El título La casa de la vida no es original, sino que está tomado de la obra homónima de Dante Gabriel Rossetti, The House of Life, la colección de sonetos cuyo primer manuscrito fue sepultado por el pintor prerrafaelita en el ataúd de su mujer Elizabeth Siddal. Mario Praz satura su obra de referencias culturales, de igual forma que llena su casa de tesoros, porque pertenece a la estirpe de los escritores cultos, no ingenuos, que saben, como Rémi Brague, que la cultura es “un camino, siempre por recorrer, que nos lleva a una fuente lejana” (una fuente que se encuentra en el pasado), y para los que el significado de las palabras hunde sus raíces en la tradición cultural.

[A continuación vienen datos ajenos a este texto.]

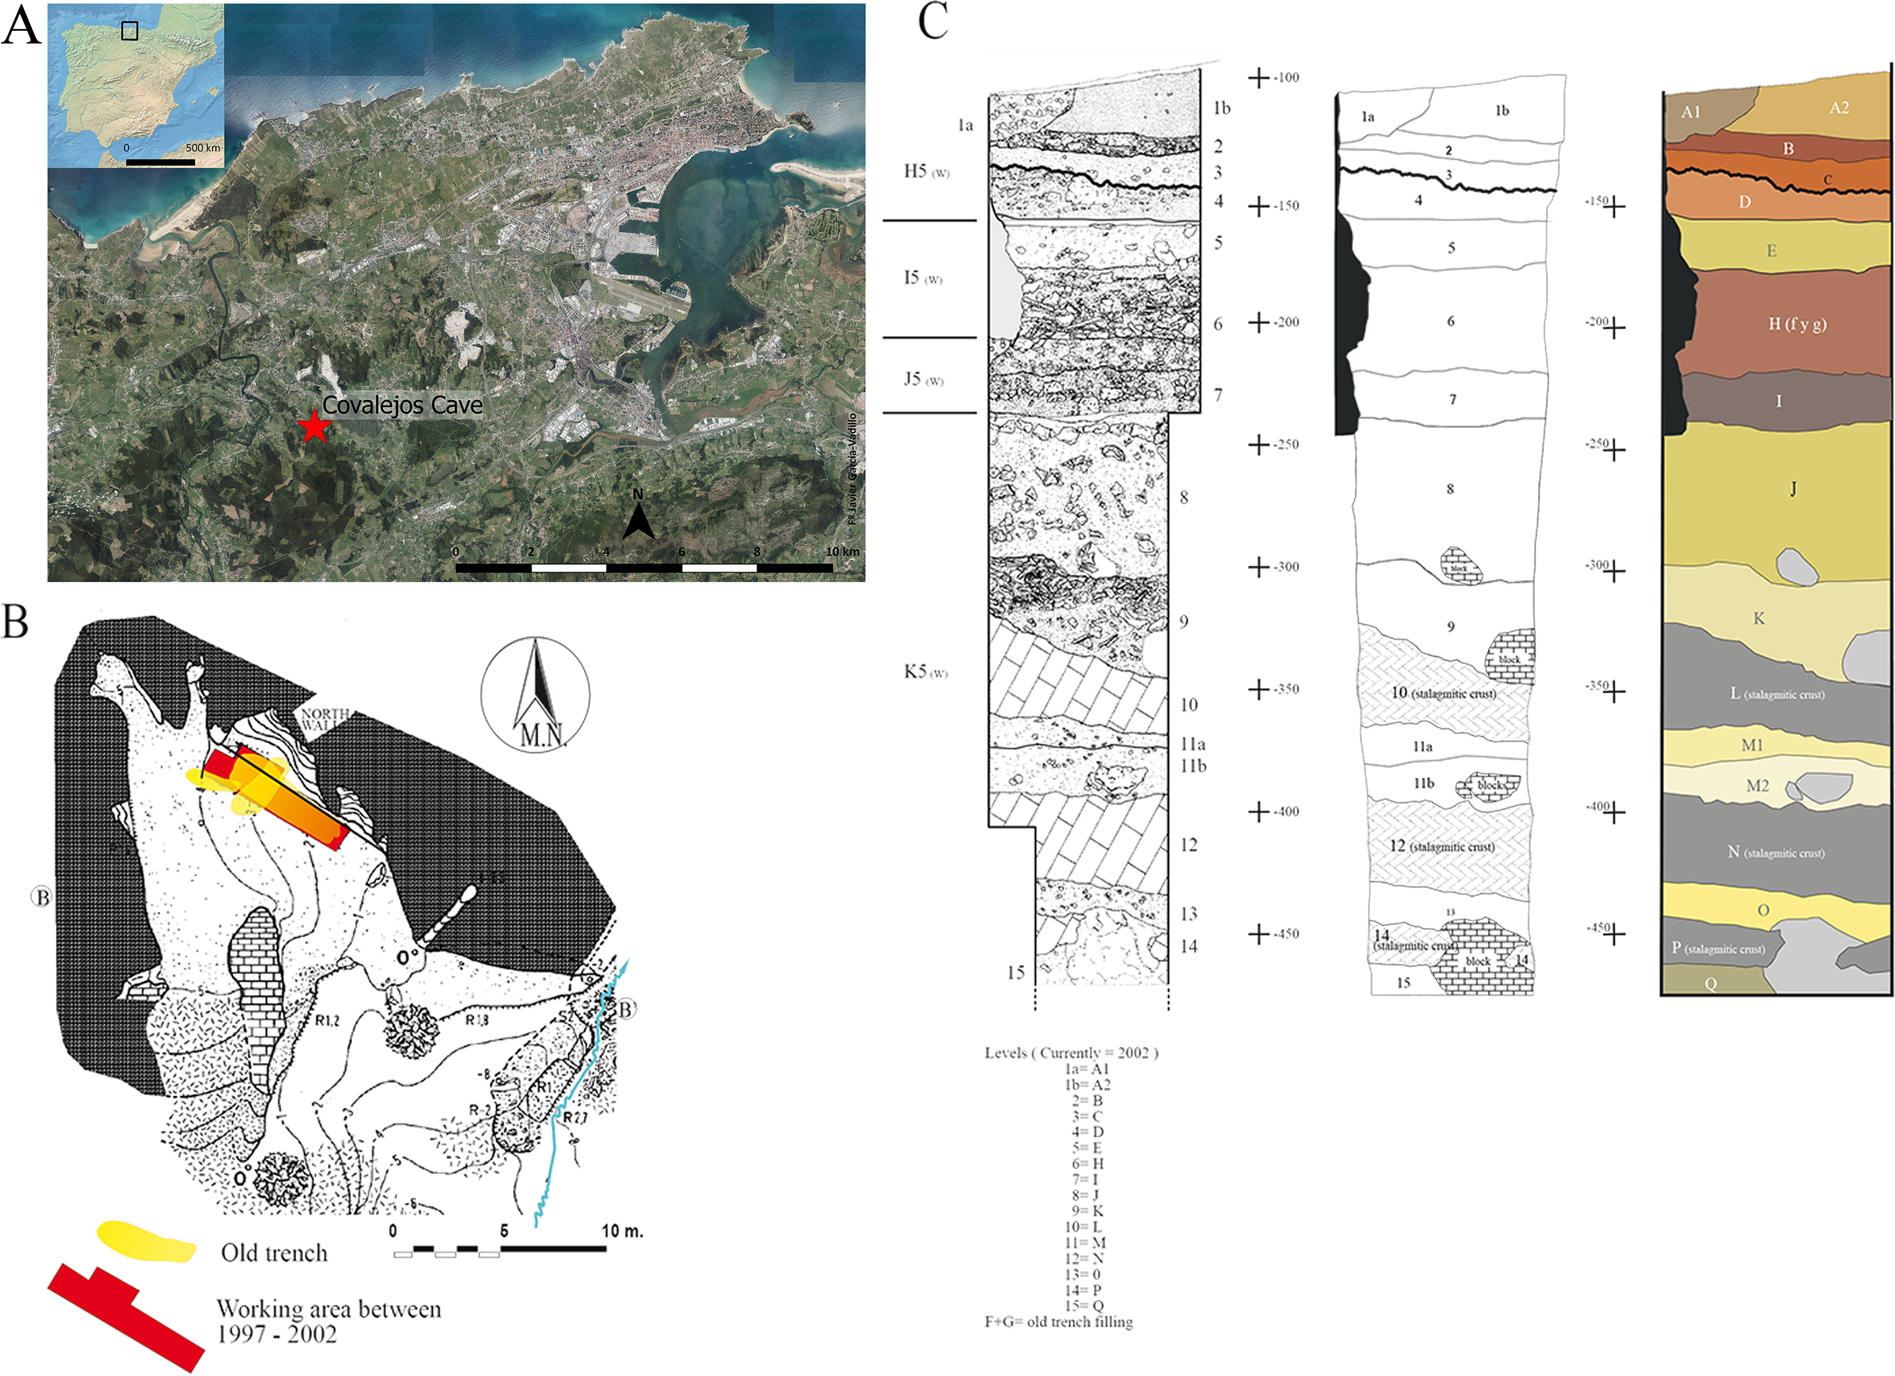 Combined dental wear and cementum analyses in ungulates reveal the  seasonality of Neanderthal occupations in Covalejos Cave (Northern Iberia)  | Scientific Reports

Mario Praz se refiere al soneto “Soul's Beauty” (“La Belleza del Alma”), de Dante Gabriel Rossetti, en unas páginas de recuerdos de infancia reveladoras, en las que se materializa en forma de alegoría el tema principal de la obra (y de la vida) que estamos leyendo, y que no queremos, o no podemos, dejar de seguir leyendo, a pesar de la creciente penumbra, mientras cae la tarde de junio al otro lado de la ventana abierta: “lo que verdaderamente le sedujo había sido Madonna Belleza, la que en el soneto de Dante Gabriele preside el trono bajo el arco de la Vida, y que encuentra todas las vías, todos los medios, para hacer prisionero a quien está destinado a servirla”.
En el amor de Mario Praz por los objetos del pasado rescatados de la trastienda de un anticuario de Via del Babuino, o de un ropavejero de Piazza della Rota o del anticuario Harris de Oxford Street, se descubre, no sólo el buen gusto, sino el amor de Mario Praz por la belleza, por Madonna Belleza, así como la tristeza, que le lleva a escribir una obra que es una elegía, por la desaparición de la belleza en nuestro mundo.
Las visitas a los anticuarios de Roma, de Florencia o de Londres se parecen a las de un fantasma elegante, educado, byroniano, o procedente de la Rusia del Ancien Régime, que regresa fielmente a las estancias clausuradas de un mundo abolido donde tiene su querencia, porque Mario Praz no pertenece, ¡gracias a Dios!, al mundo moderno, vulgar, plebeyo, democrático, no pertenece a esta “época en la que todo es de plástico”, en la que “todo es falso, todo es un sucedáneo”, a esta época “que no ama los colores puros” y que “llamaría increíble o heroica a una persona que simplemente cumpliese con su deber”. Para Mario Praz, como para Roger Scruton (también él un caballero de otra época), “la belleza es un valor real y universal, arraigado en nuestra naturaleza racional”, y también para él “el sentido de la belleza desempeña un papel indispensable en la configuración del mundo de los humanos”.
Mario Praz compara en varias ocasiones el amor por las cosas, por las cosas bellas, por los muebles mudos, inertes, pero no carentes de vida, por los libros, los espejos, las antigüedades, con el amor por los seres humanos. En una carta escrita en 1926, confiesa: “When I see a beautiful thing, I cannot resist it, I must have it: with mirrors, furniture and books, fortunately, it is only a matter of being able to afford them; with human beings, unfortunately, things do not go so smoothly”.
“¿Cómo se pueden amar pedazos de madera?”, le pregunta una amiga al coleccionista que ha dedicado una vida entera de devoción por la belleza a reunir los objetos que lo acompañan ahora en su casa de Via Giulia. Y unas páginas después reconoce que la dificultad que entrañan las relaciones humanas, y el dolor que depara el fracaso de las mismas, explican su devoción por las cosas: “Por esto, quizá, he puesto tanta parte de mi alma en el culto de cosas que a la mayoría les parecen carentes de vida, como los muebles, he pecado «venerando imágenes esculpidas»”.